What is a Security Assessment?
Security Assessments are a scheduled, routine procedure by which an organization records, analyzes, reviews, and remediates their security infrastructure and policies to ensure the safety and continuity of assets and operations. In the context of computer security, security assessments concern things like information assurance and awareness training, operational security, network security, backup and disaster recovery, physical security, and software patches and updates.
Who provides a Security Assessment?
Typically, an internal team, a third-party security service provider, or a managed service provider will provide these assessments on a regular schedule to ensure that data remains secure and that staff are adhering to security policies.
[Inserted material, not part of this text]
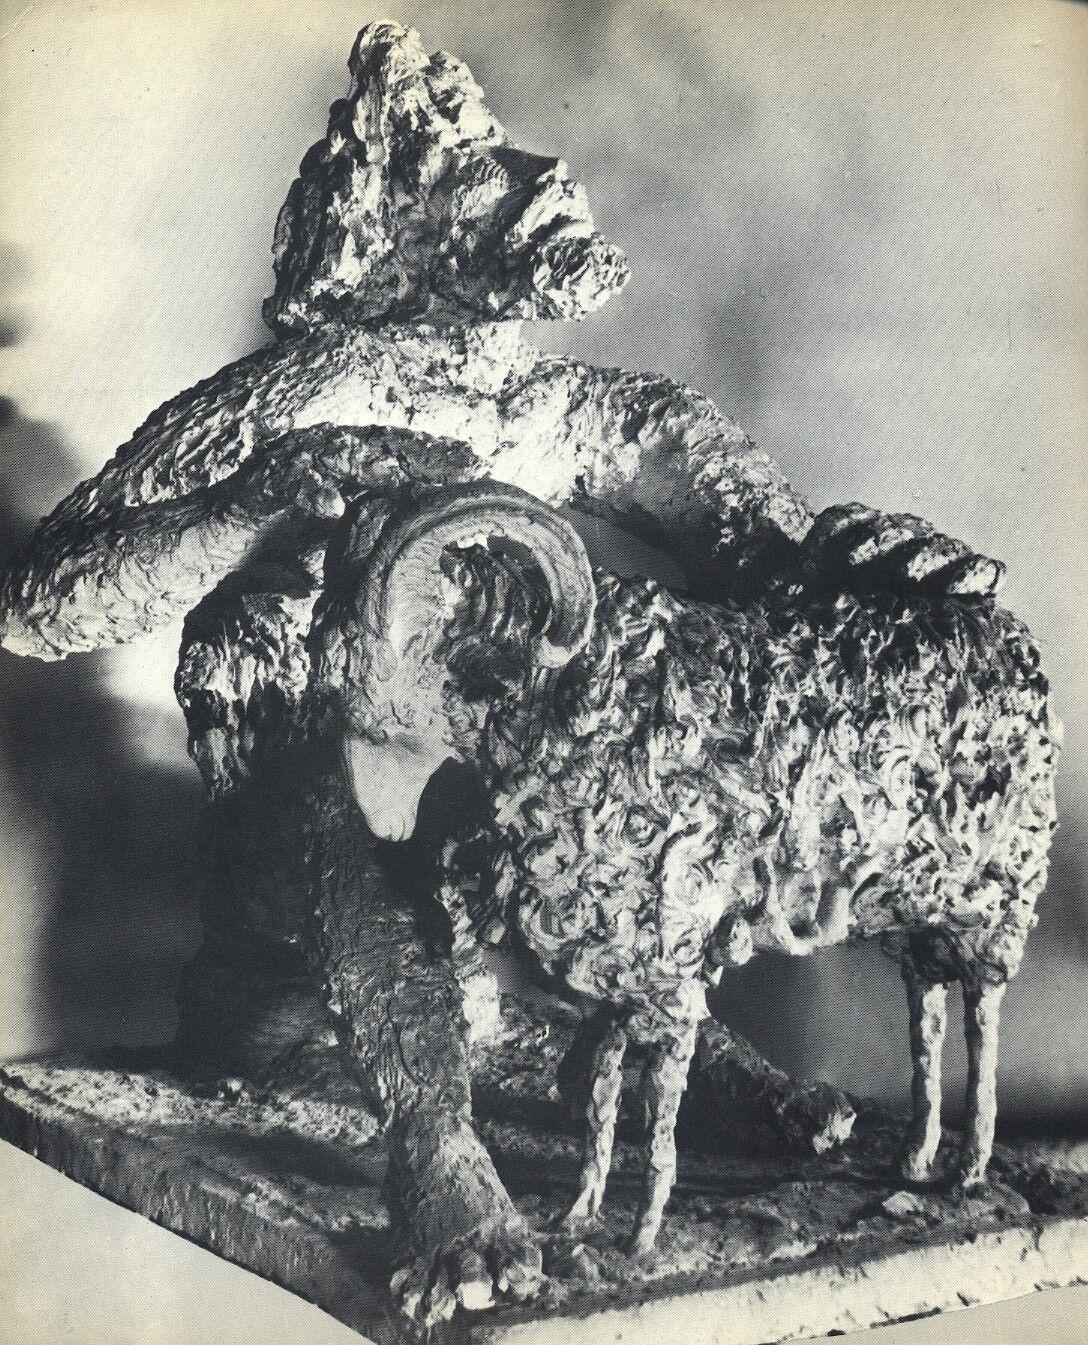 Apeles Fenosa, Polifemo (bronce), 1949.

Qualified security assessors hold specific, recognized certifications in the Information Security community from a variety of standardized certification vendors such as the International Information System Security Certification Consortium, or (ISC)2 for short. This proves both practical and actual knowledge in the field of information security and demonstrates their understanding and ability to apply best practices to their and their clients’ organizations.
What is the Process?
Security assessments involve five phases of analysis which cover the five concepts that make up the organization’s security posture.
- Review of Policies, Procedures, Standards and Guidelines of Security Compliance
- Information Awareness and Assurance Training (Employee Education)
- Network Infrastructure and Hardware Analysis (Including security appliances)
- Software updates, patches, and change management procedure (Including security software)
- Encryption and Data Protection measure analysis
This layered approach to a developing the strongest possible security system is what is known as the Information Security Model, also known as the Defense in Depth Strategy. This proven model was established by the National Institute of Standards and Technology in the late 1980s and remains an integral component of the strategy for security researchers. It has continued to evolve over the years and has helped form the standards which established the laws and regulations of compliance that we know now.